### Given data

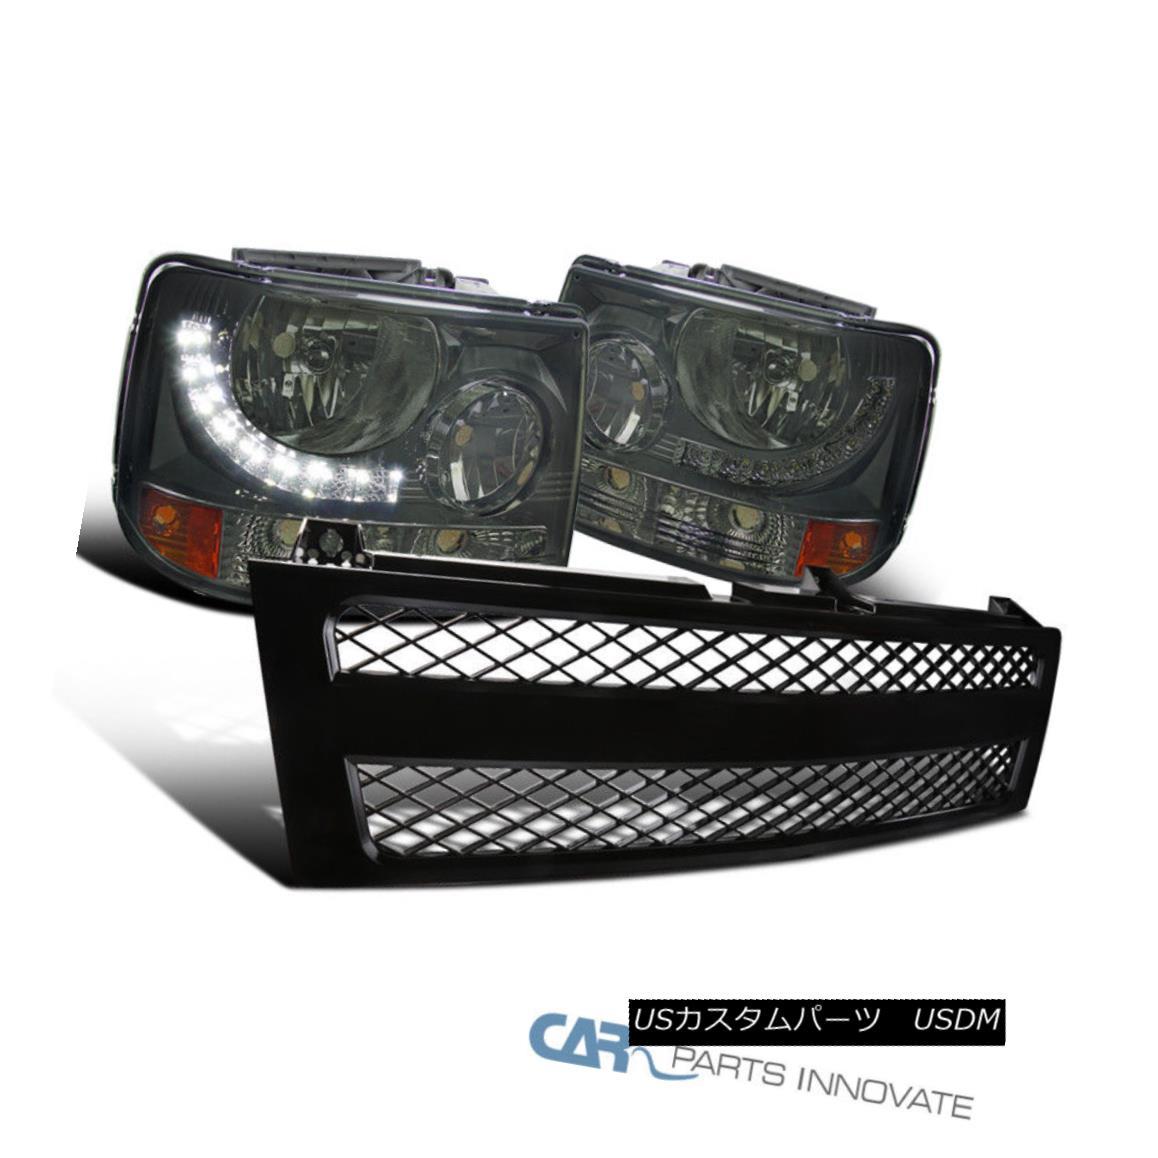 グリル 99-02 Chevy Silverado 2in1 Smoke LED DRL Headlights+Black ABS Mesh Hood Grille 99-02シボレーシルバラード2in1煙LED DRLヘッドライト+ Bla ck ABSメッシュフードグリル
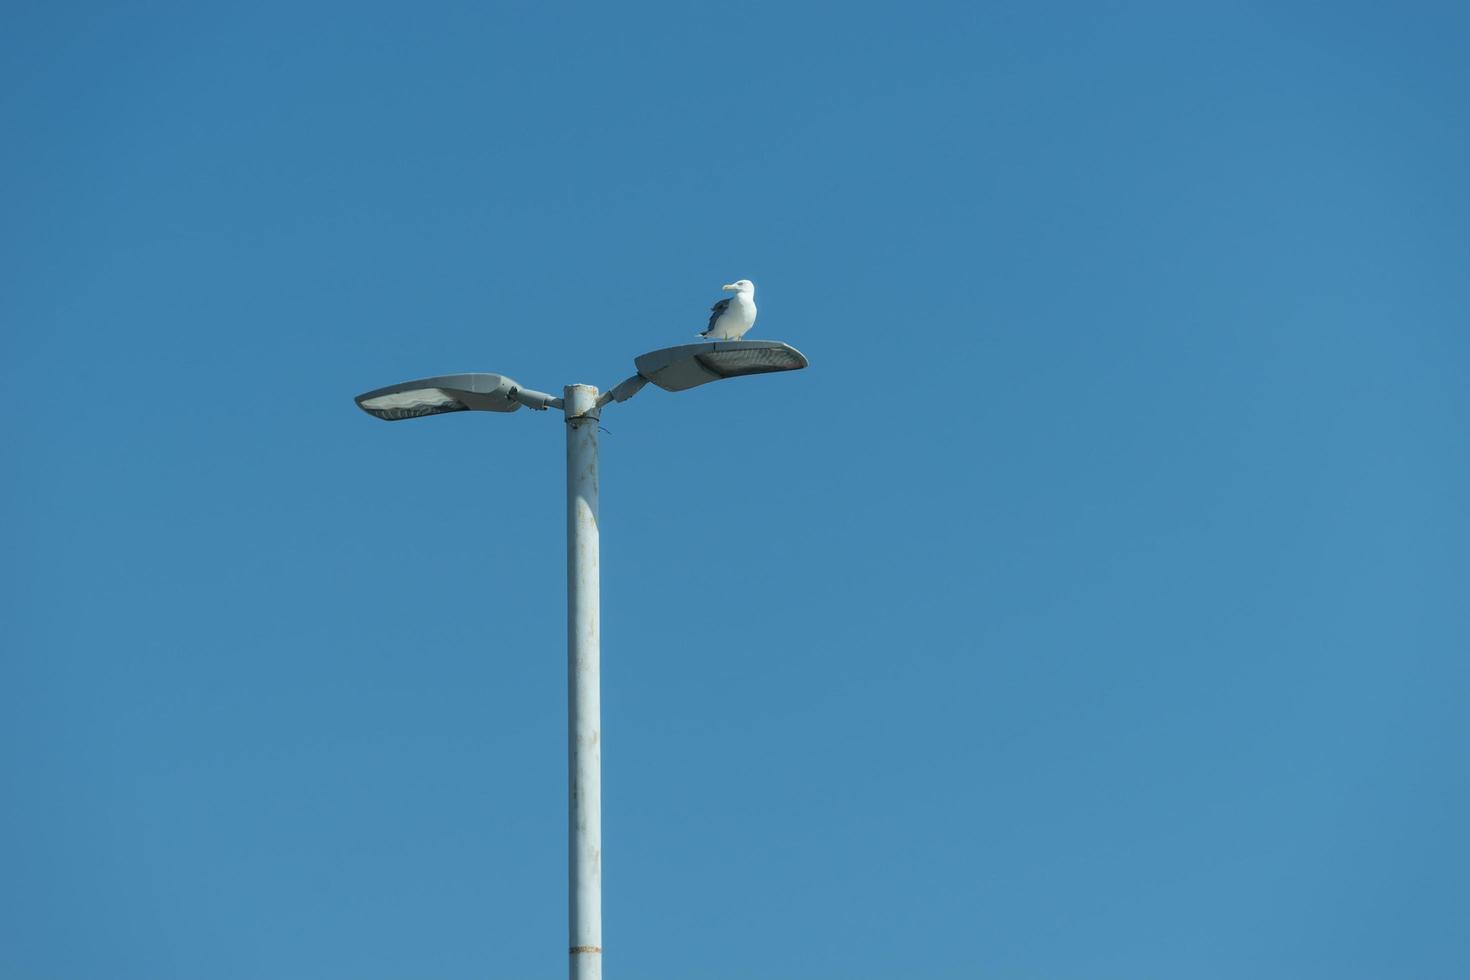 Möwe sitzt auf einem Laternenpfahl auf dem Hintergrund des blauen Meeres foto
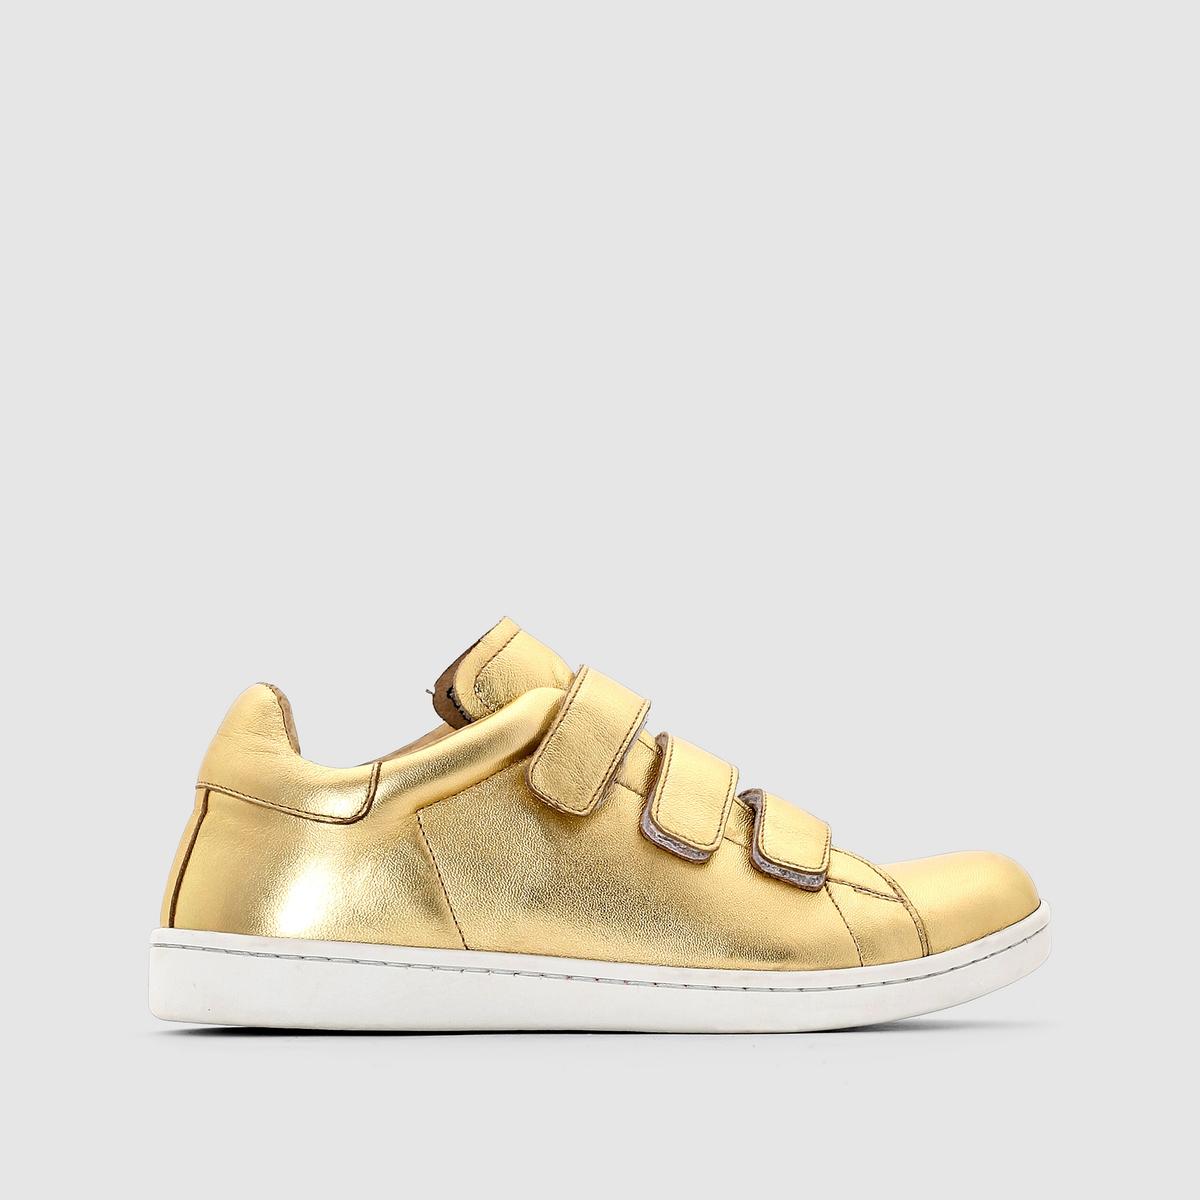 Кроссовки низкие JONAK DOICKПреимущества: : кроссовки фирмы JONAK самых изысканных расцветок сверкают и переливаются всеми цветами радуги.<br><br>Цвет: золотистый<br>Размер: 36.37.38.39
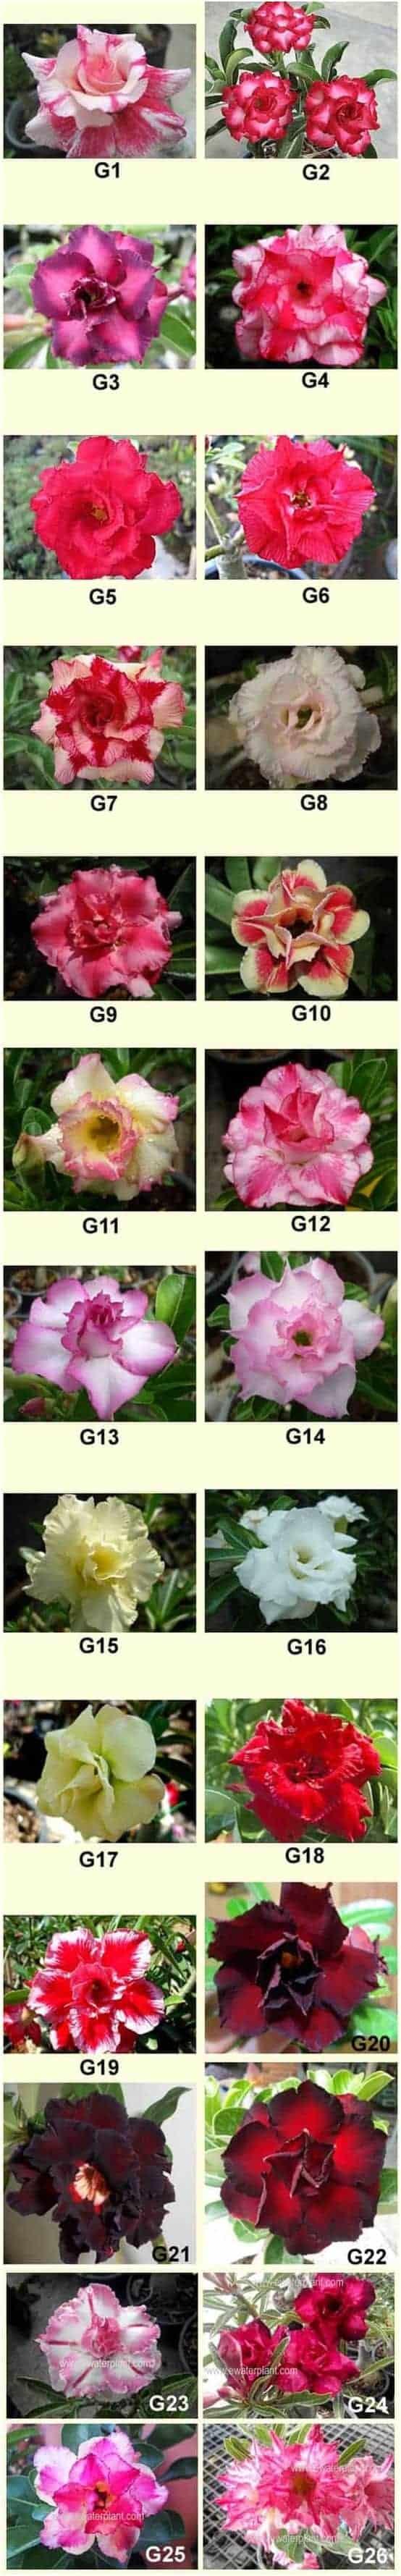 Adenium rosy flower group G

######

**Prompt**
Retype all of the material above exactly; the pictures stay out.

**Result below**
 グリル 99-02 Chevy Silverado 2in1 Smoke LED DRL Headlights+Black ABS Mesh Hood Grille 99-02シボレーシルバラード2in1煙LED DRLヘッドライト+ Bla ck ABSメッシュフードグリル
 Möwe sitzt auf einem Laternenpfahl auf dem Hintergrund des blauen Meeres foto
 Кроссовки низкие JONAK DOICKПреимущества: : кроссовки фирмы JONAK самых изысканных расцветок сверкают и переливаются всеми цветами радуги.<br><br>Цвет: золотистый<br>Размер: 36.37.38.39
 Adenium rosy flower group G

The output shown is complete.